Essentially, house prices would have to start falling at a much greater rate than interest rates are rising for first home buyers to receive any substantial benefit.

The situation for first home buyers at the end of last year was compounded by the fact that although the national lower quartile price declined in December compared November, it actually increased in eight of the 12 REINZ sales regions, setting record highs in seven regions (Northland, Waikato, Bay of Plenty, Wellington, Canterbury, Otago and Southland), while the lower quartile price in Auckland was unchanged from November’s record high.

Only three regions recorded declines in their lower quartile price in December – Hawke’s Bay, Taranaki and Nelson/Marlborough.

The situation of first home buyers was starting to look quite grim for first home buyers on average incomes in most parts of the country at the end of last year, as the unaffordability issues that have plagued Auckland for many years spread to many other parts of the country.

Interest.co.nz’s Home Loan Affordability Report calculates how much money would be needed for a 10% or 20% deposit on a home purchased at the lower quartile selling price in all of Aotearoa’s main urban areas, and then calculates the amount of the resulting mortgage payments.

That is then compared with the median after-tax pay for couples aged 25-29 in each region, assuming both work full time.

Housing is considered unaffordable when the mortgage payments eat up more than 40% of take home pay (the tables below show the results of those calculations based on 10% and 20% deposits).

This shows that the mortgage payments on lower quartile-priced homes would now be considered unaffordable in the majority of regions around the country for young couples on average rates of pay if they only had a 10% deposit.

The only regions where mortgage payments would considered affordable for couples on average wages with a 10% deposit are Manawatu/Whanganui, Taranaki, Canterbury, Otago and Southland.

All other parts of the country are considered unaffordable for people on average wages.

However, if first home buyers can scrape together a 20% deposit, that reduces the mortgage payments as a percentage of after-tax pay sufficiently for all regions except Auckland to be considered affordable.

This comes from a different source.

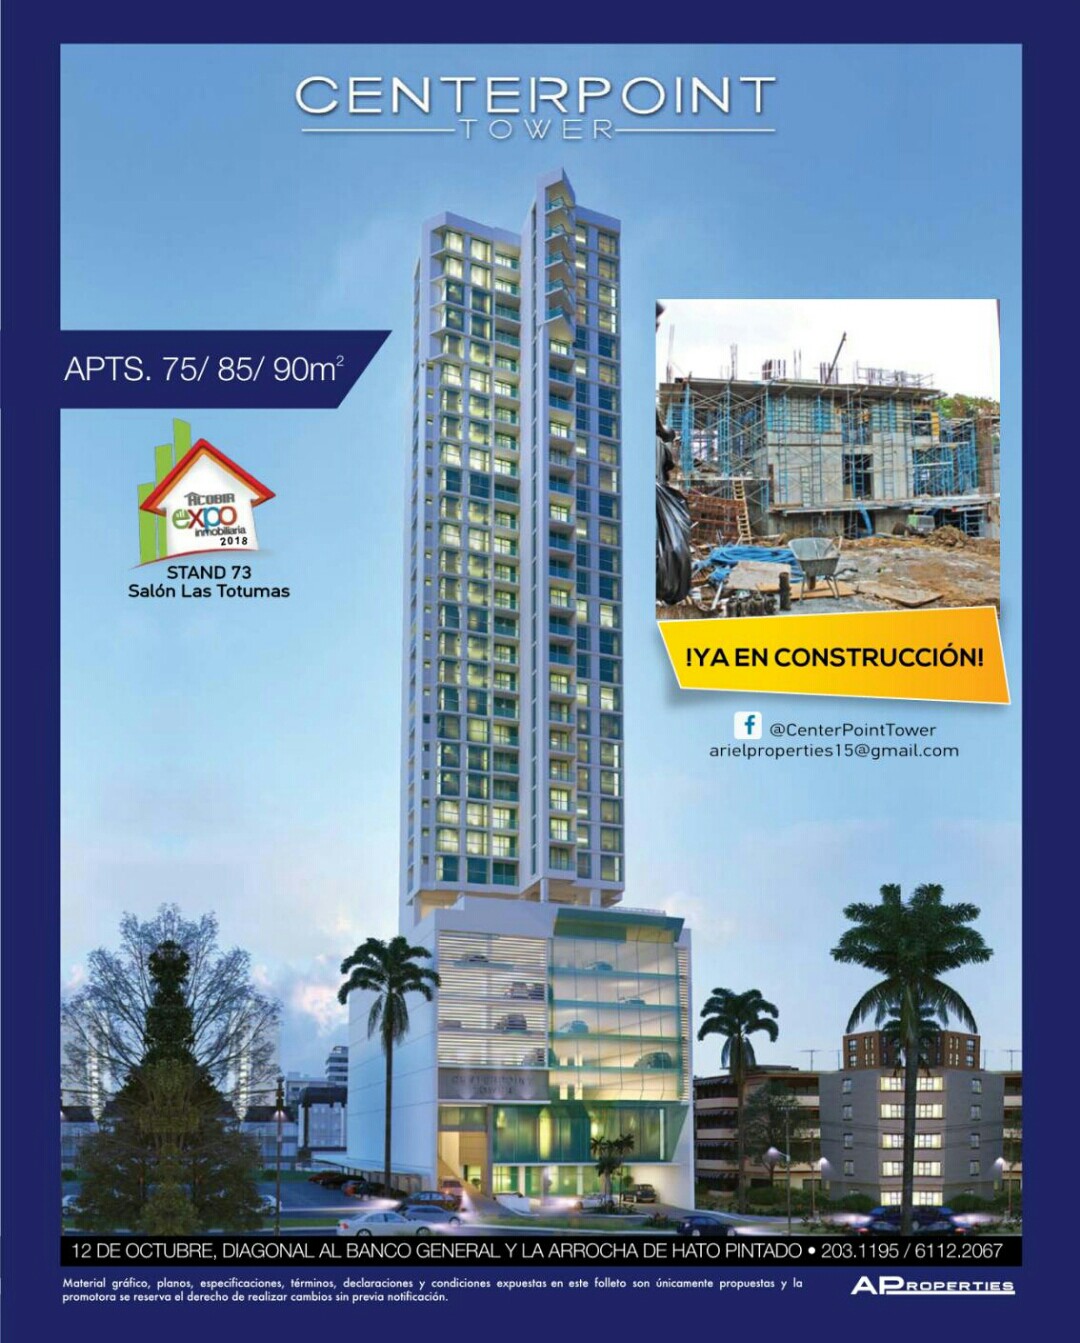 Catalogo expo inmobiliaria Arcobir 2018 p27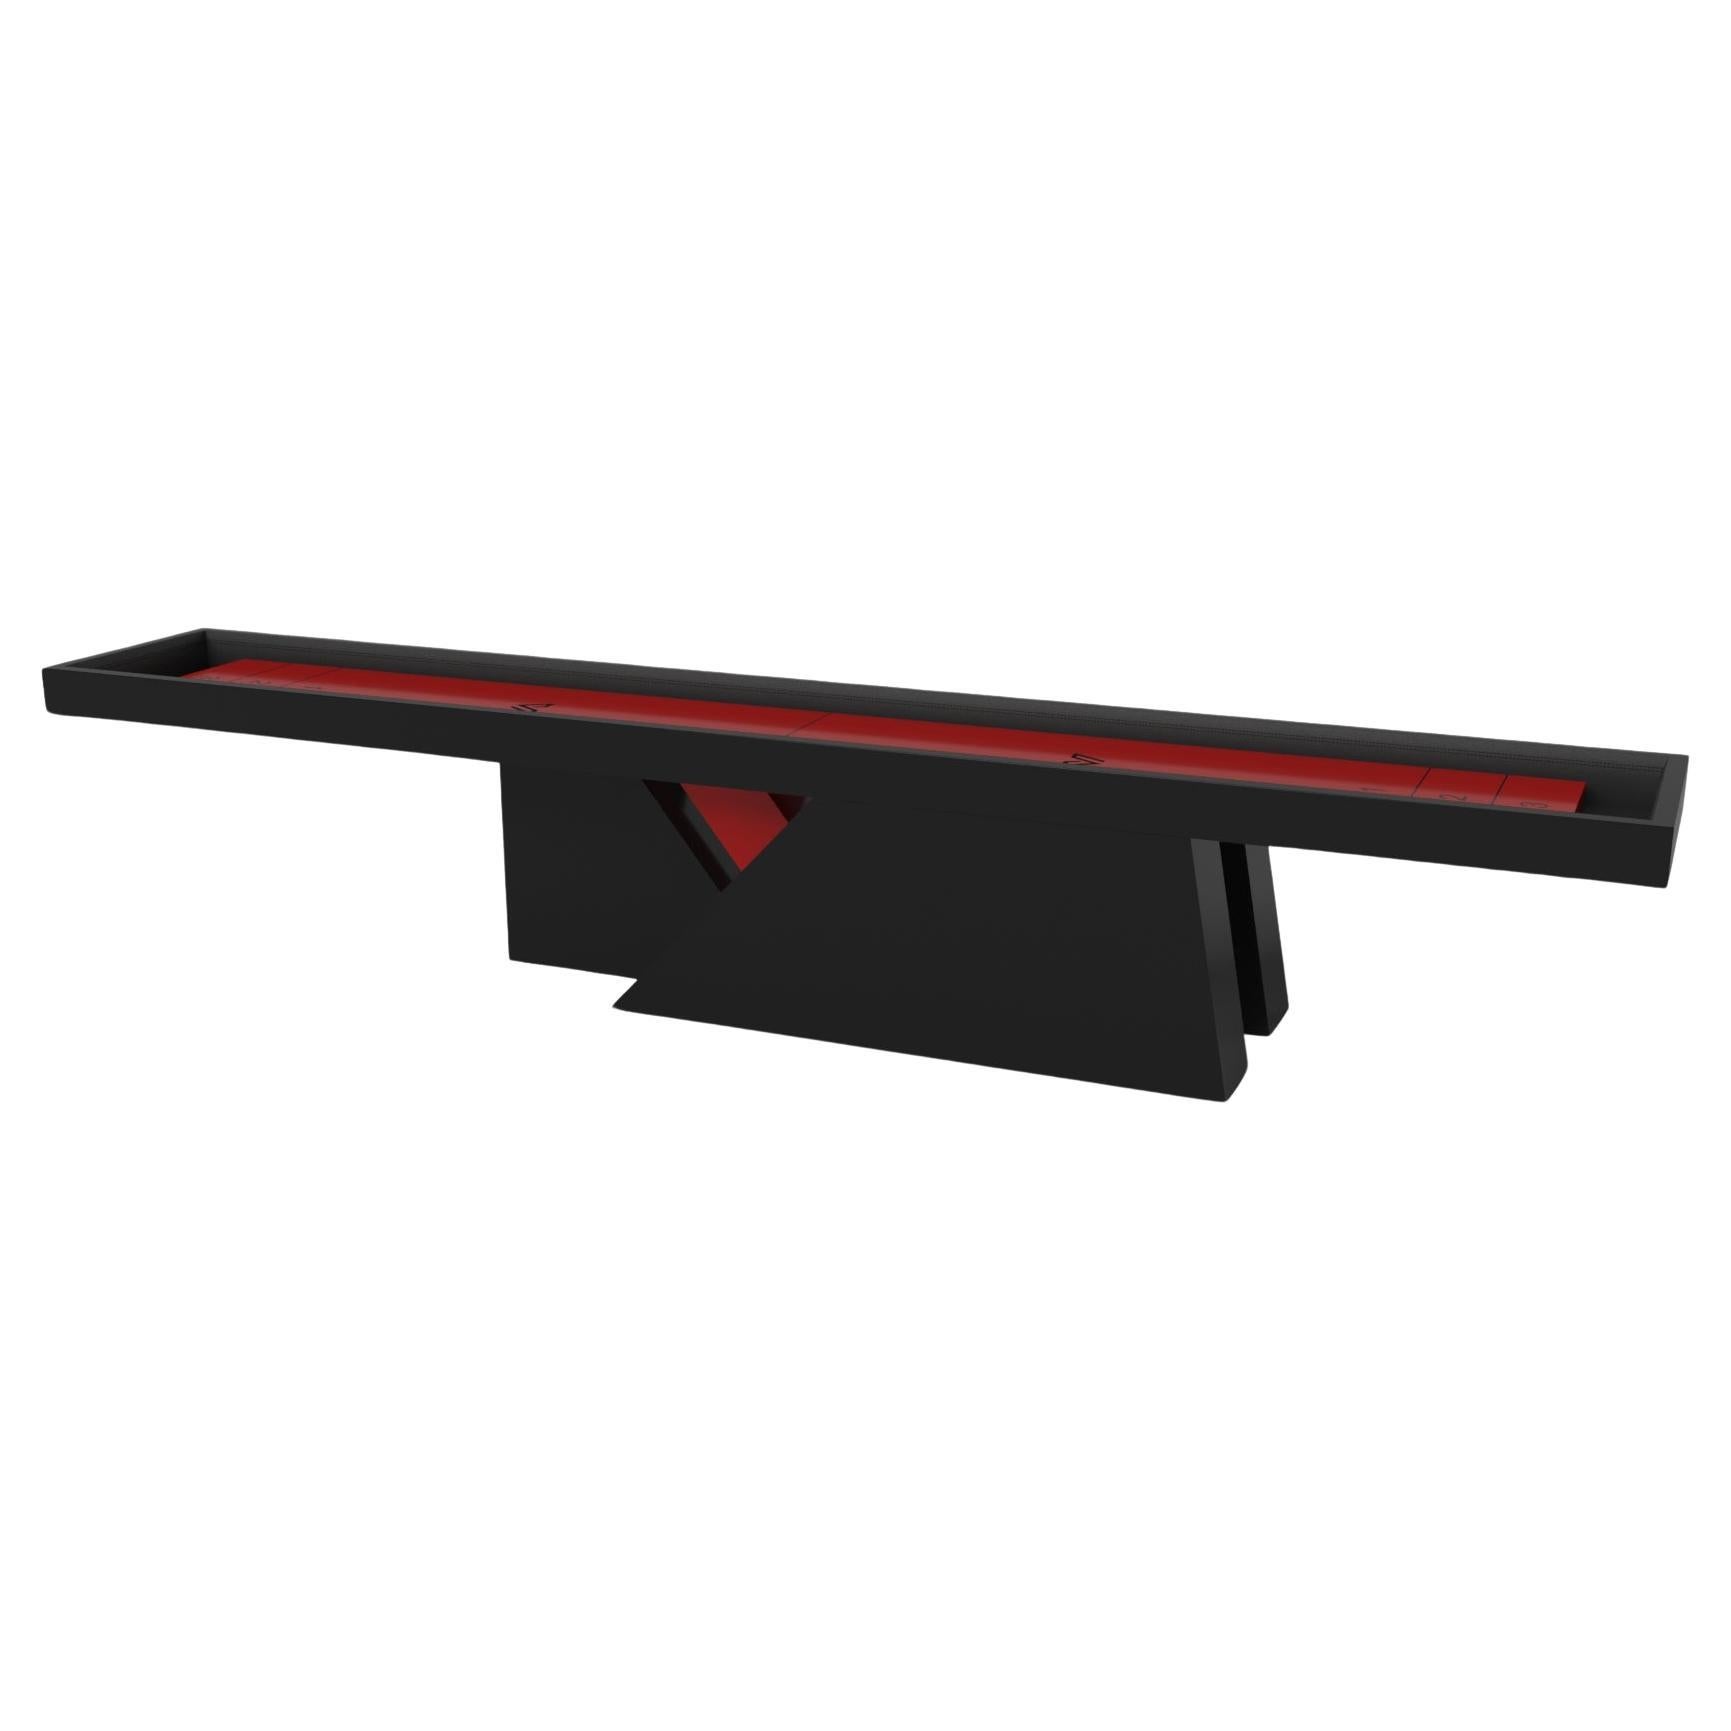 Elevate Customs tables Stilt Shuffleboard /Solid Pantone Black Color in 14' -USA

But getting together a 20% deposit wouldn’t be easy either.

The amount need for a 20% deposit on a lower quartile-priced home would range from $75,300 in Southland to $193,200 in Auckland.

That all but rules out home ownership for young people on average wages in Auckland and it wouldn’t be easy in the rest of the country either, with Southland and Taranaki being the only regions where the amount needed for a 20% deposit on a lower-quartile-priced home is less than $100,000 (refer to the tables below for the full regional figures).

Unfortunately home ownership is increasingly becoming the preserve of the highly paid or those who have access to capital from other sources such as obliging parents or winning Lotto.

But for most young people on average wages, saving for a home of their own is increasingly looking like the impossible dream.